*** Opening DATASET EXTRACT ***

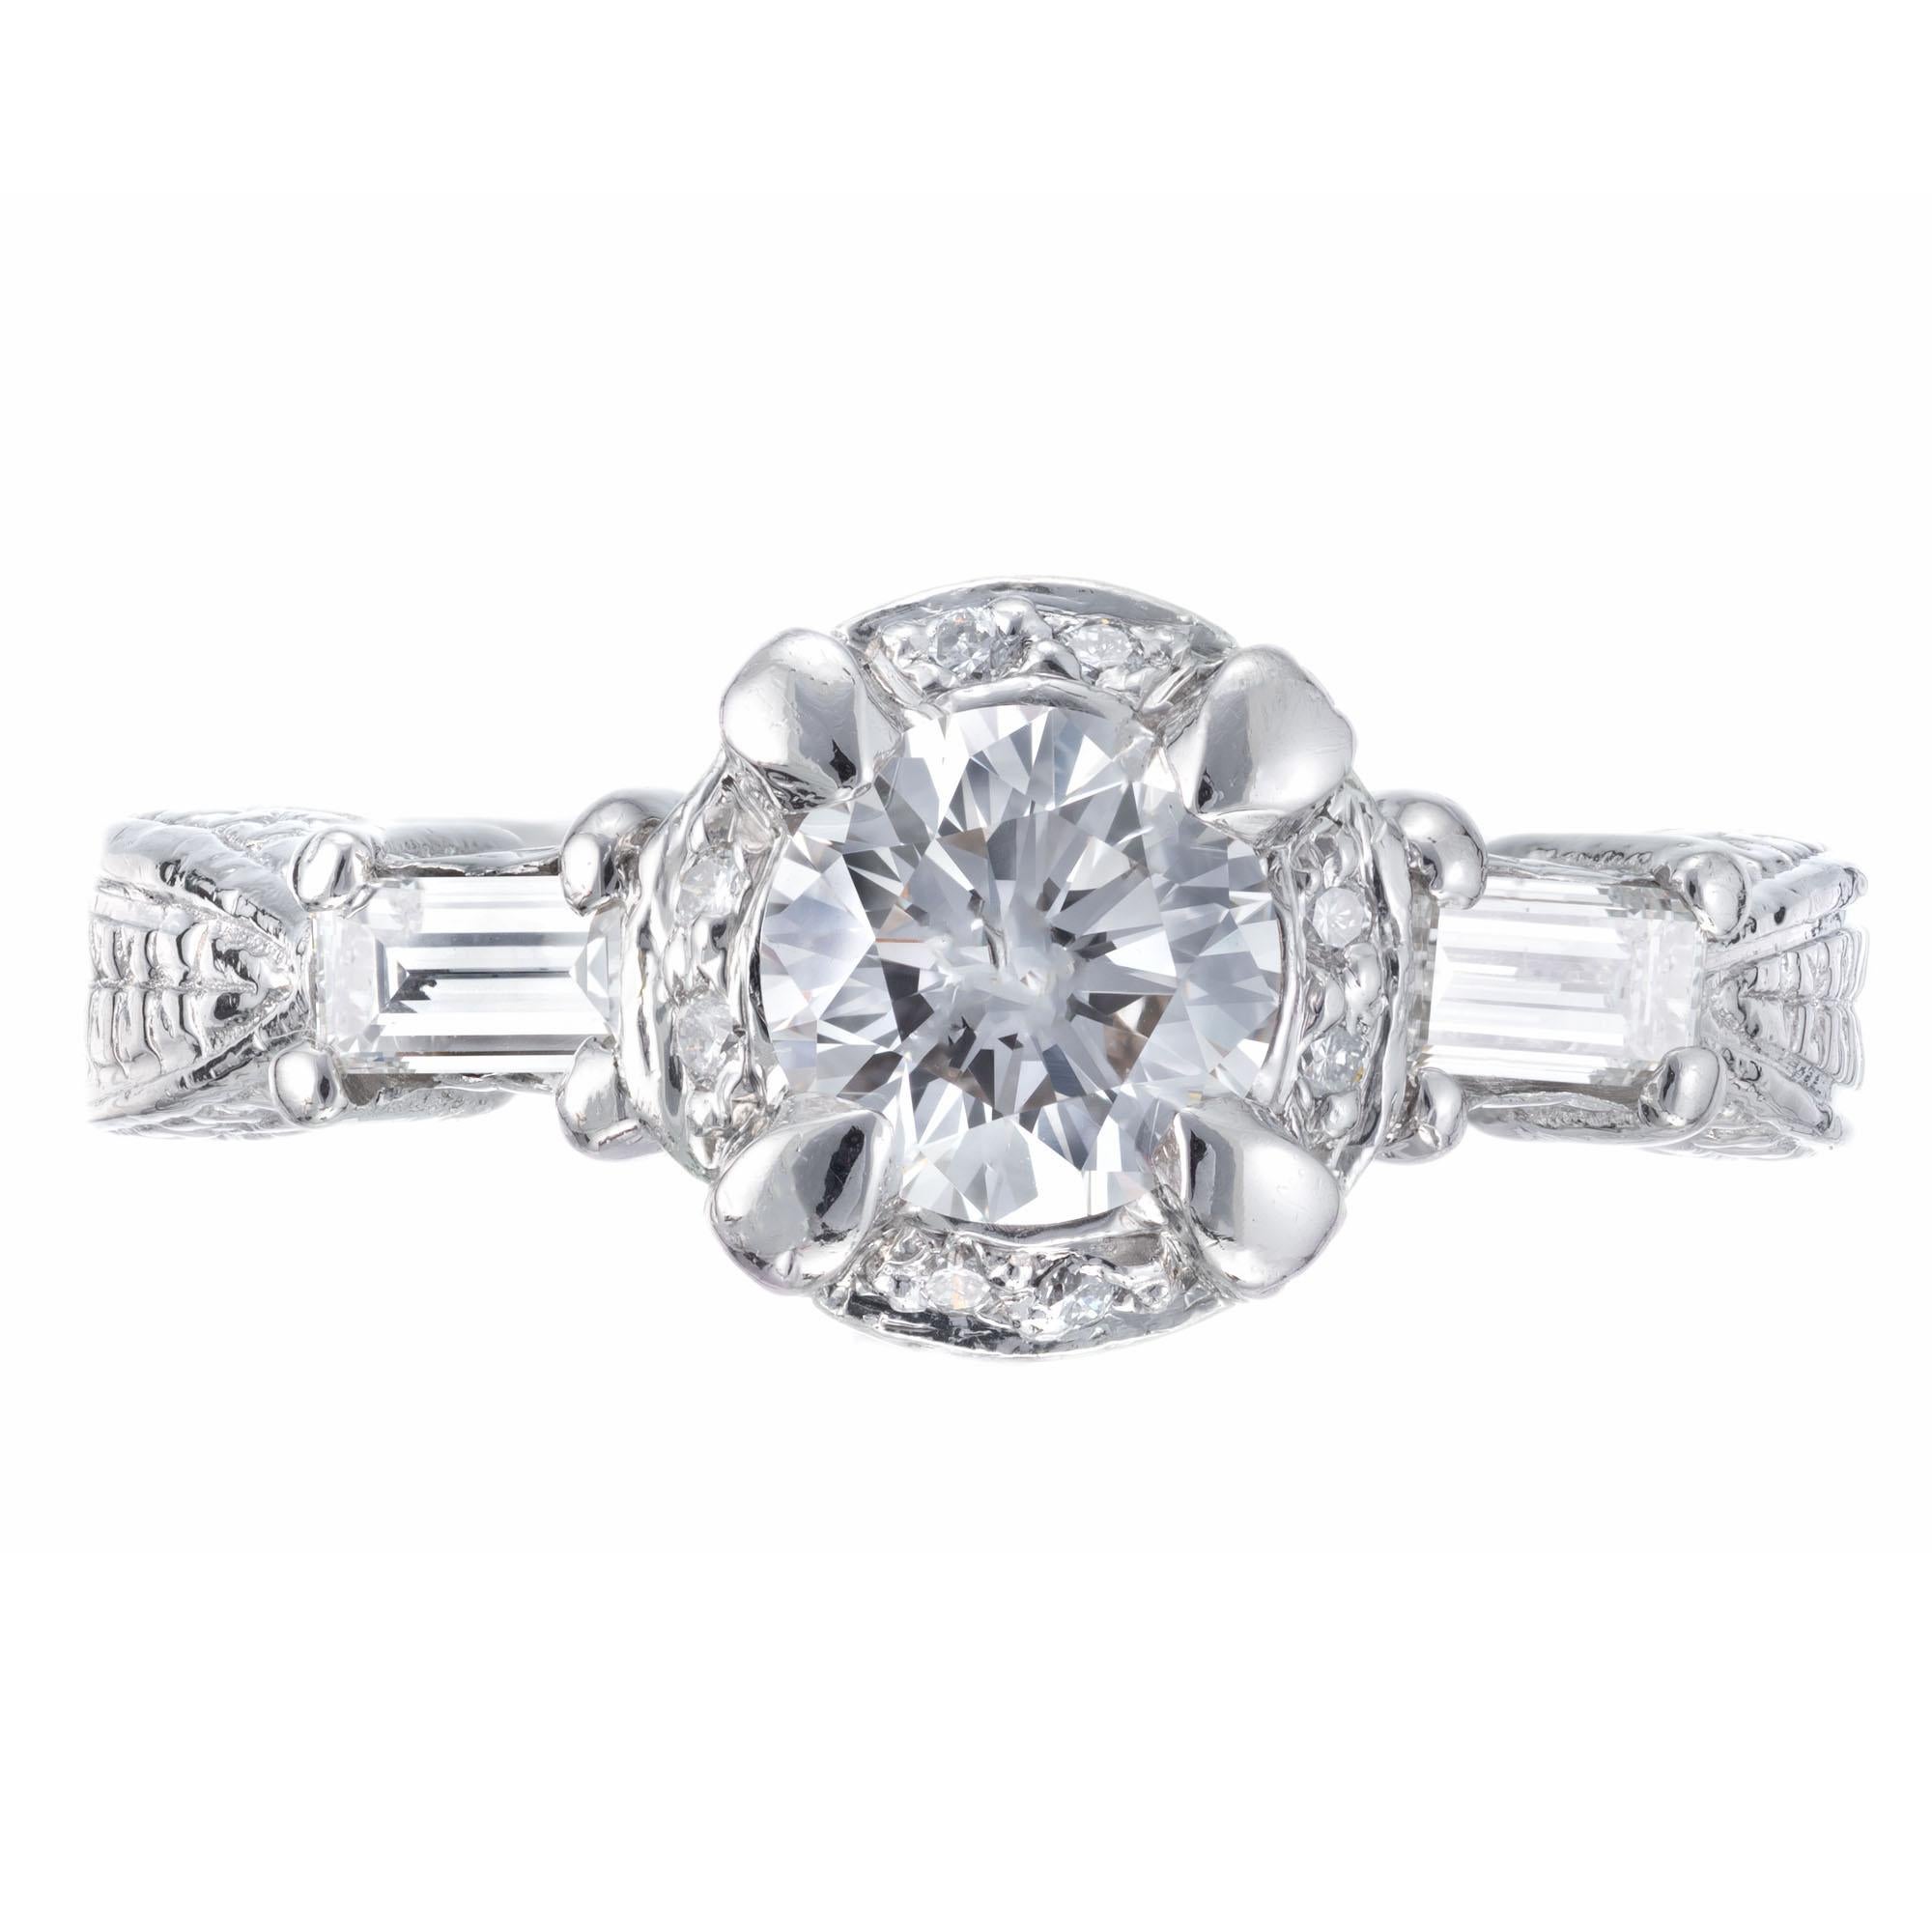 Round and bagguette diamond ring. Round center stone set in platinum with 2 baguette side diamonds and 16 round accent diamonds. 

1 Center diamond approx. total weight .75cts, G, VS2
2 baguette diamonds, approx. total weight .18cts, G, VS
16 round

*** Closing DATASET EXTRACT ***

**ASSIGNMENT**: Output the material above verbatim but exclude each picture.

**WRITTEN ANSWER**:
 Round and bagguette diamond ring. Round center stone set in platinum with 2 baguette side diamonds and 16 round accent diamonds. 

1 Center diamond approx. total weight .75cts, G, VS2
2 baguette diamonds, approx. total weight .18cts, G, VS
16 round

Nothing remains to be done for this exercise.